_Work instruction_: Your task is to give the listing below back word for word, pictures excluded.

_Data extract_:
* * * * * * * * *

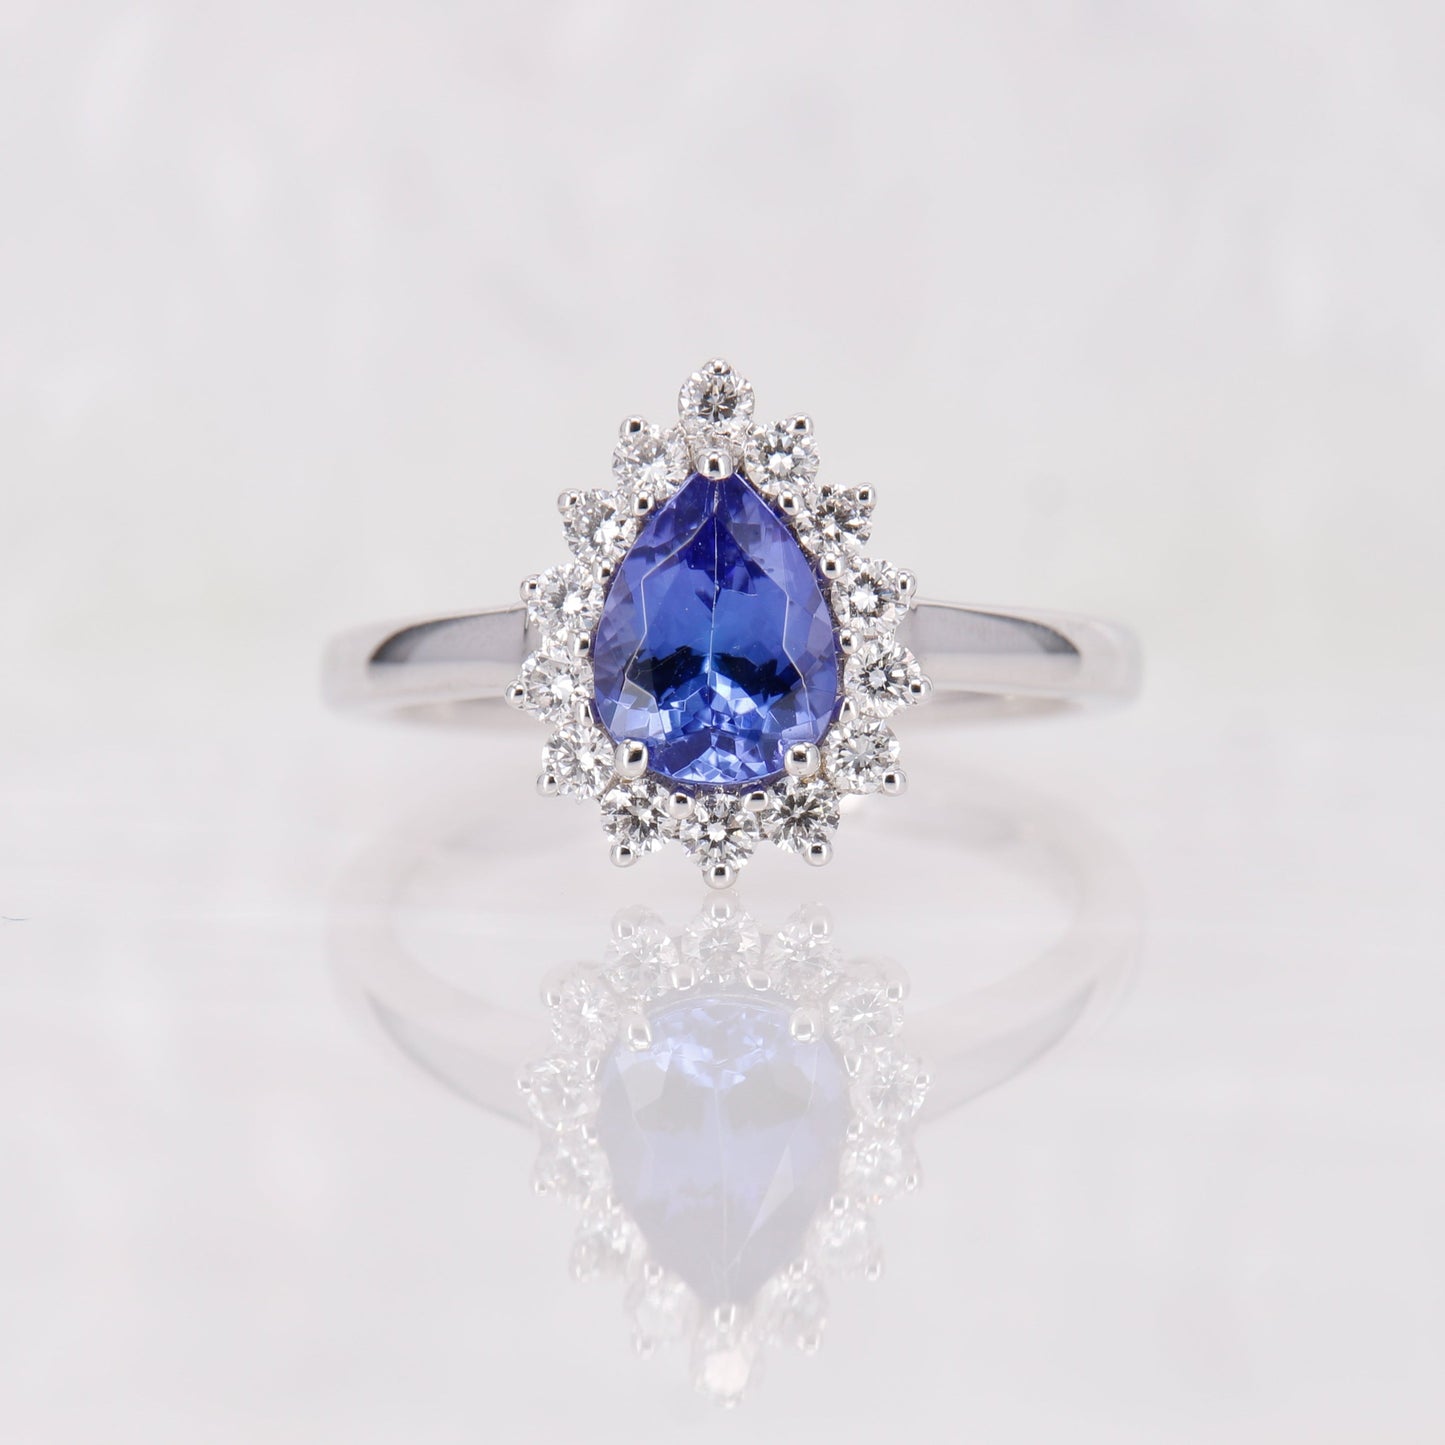 Tanzanite and Diamond Ring. Showcasing a captivating 1.32ct pear-cut deep blue tanzanite encircled by a halo of shimmering diamonds
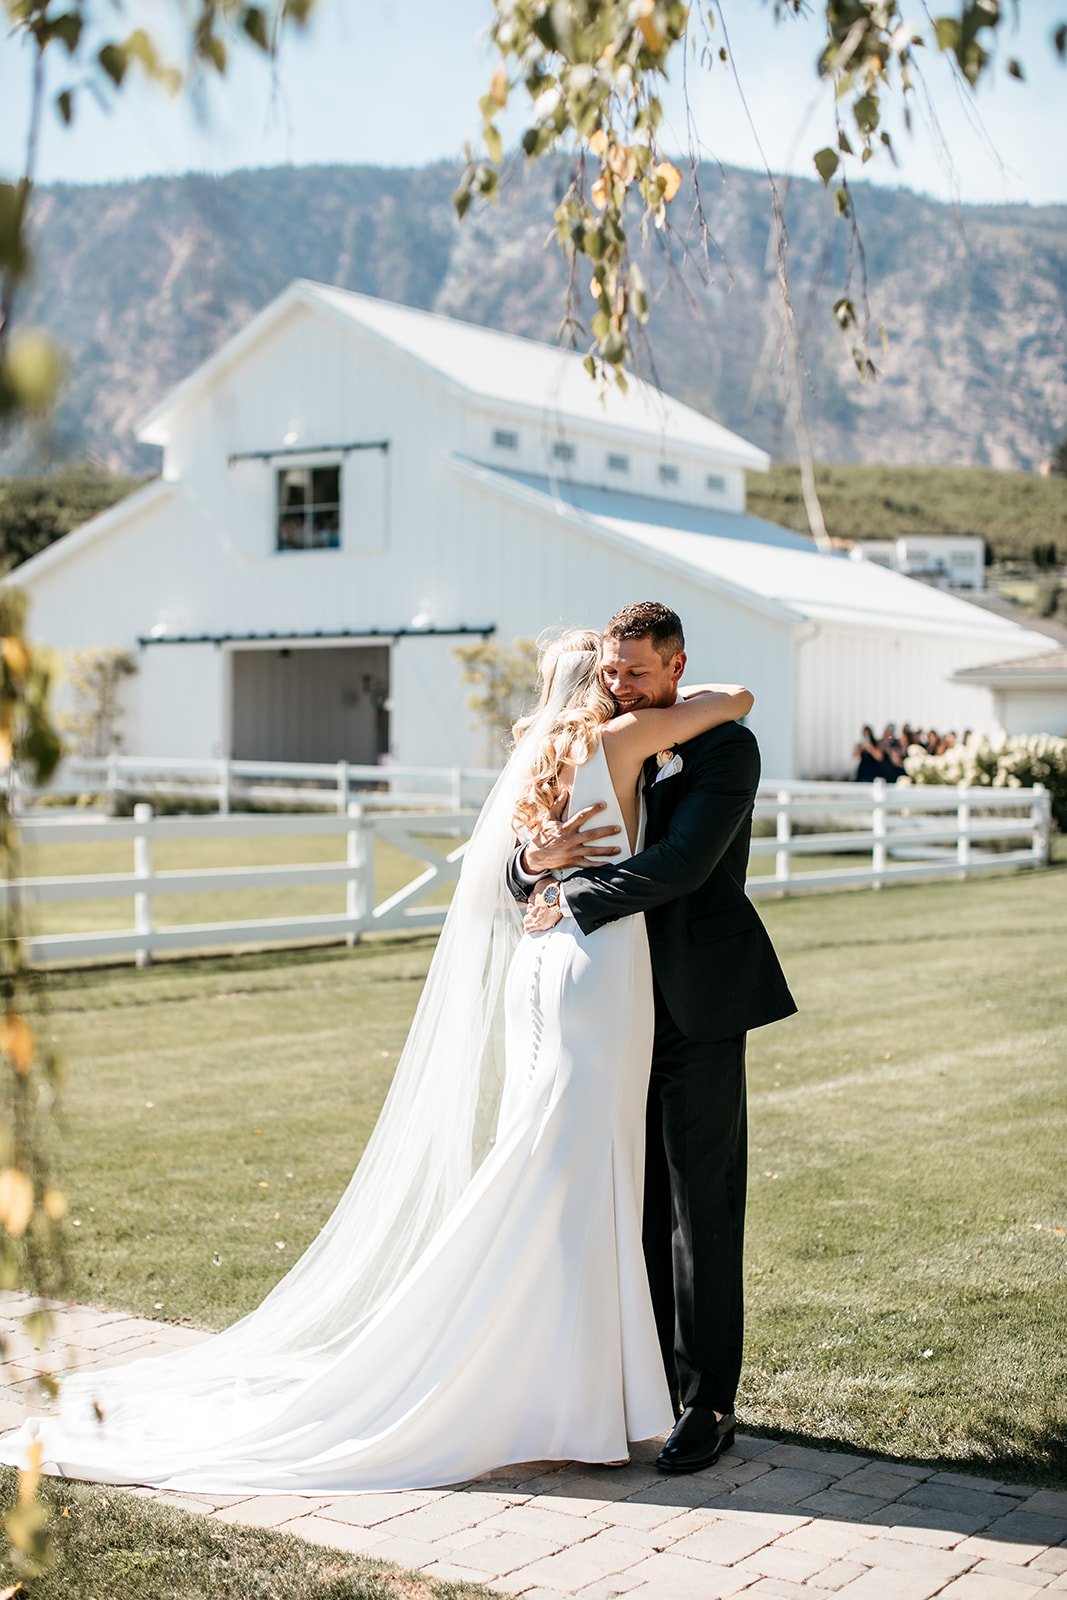  A bride wearing Alyssa Kristin Maven wedding dress embracing the groom on their wedding day at Harmony Meadows barn wedding venue near Seattle, Washington. 
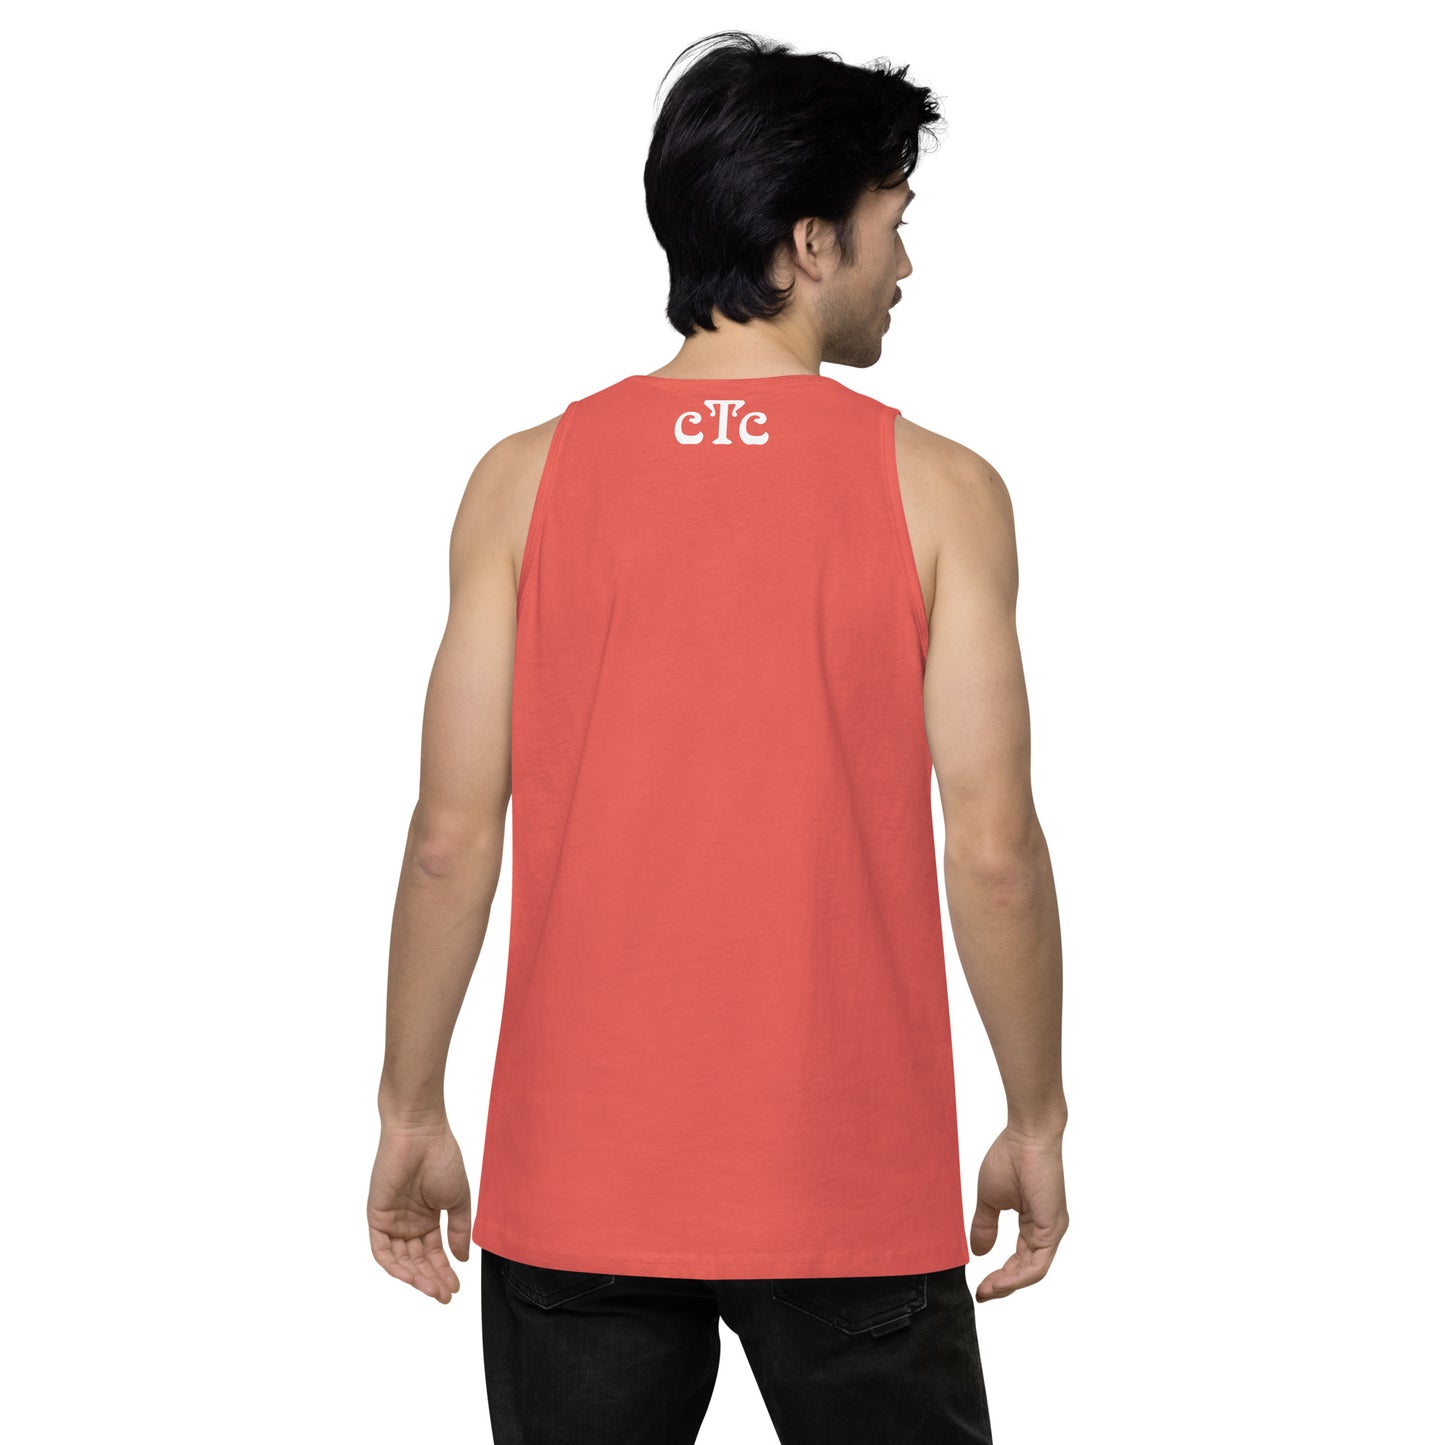 CtC Heart Logo premium tank top

* * * * * * * * *

_Output for this task_:
 Tanzanite and Diamond Ring. Showcasing a captivating 1.32ct pear-cut deep blue tanzanite encircled by a halo of shimmering diamonds
  A bride wearing Alyssa Kristin Maven wedding dress embracing the groom on their wedding day at Harmony Meadows barn wedding venue near Seattle, Washington. 
 CtC Heart Logo premium tank top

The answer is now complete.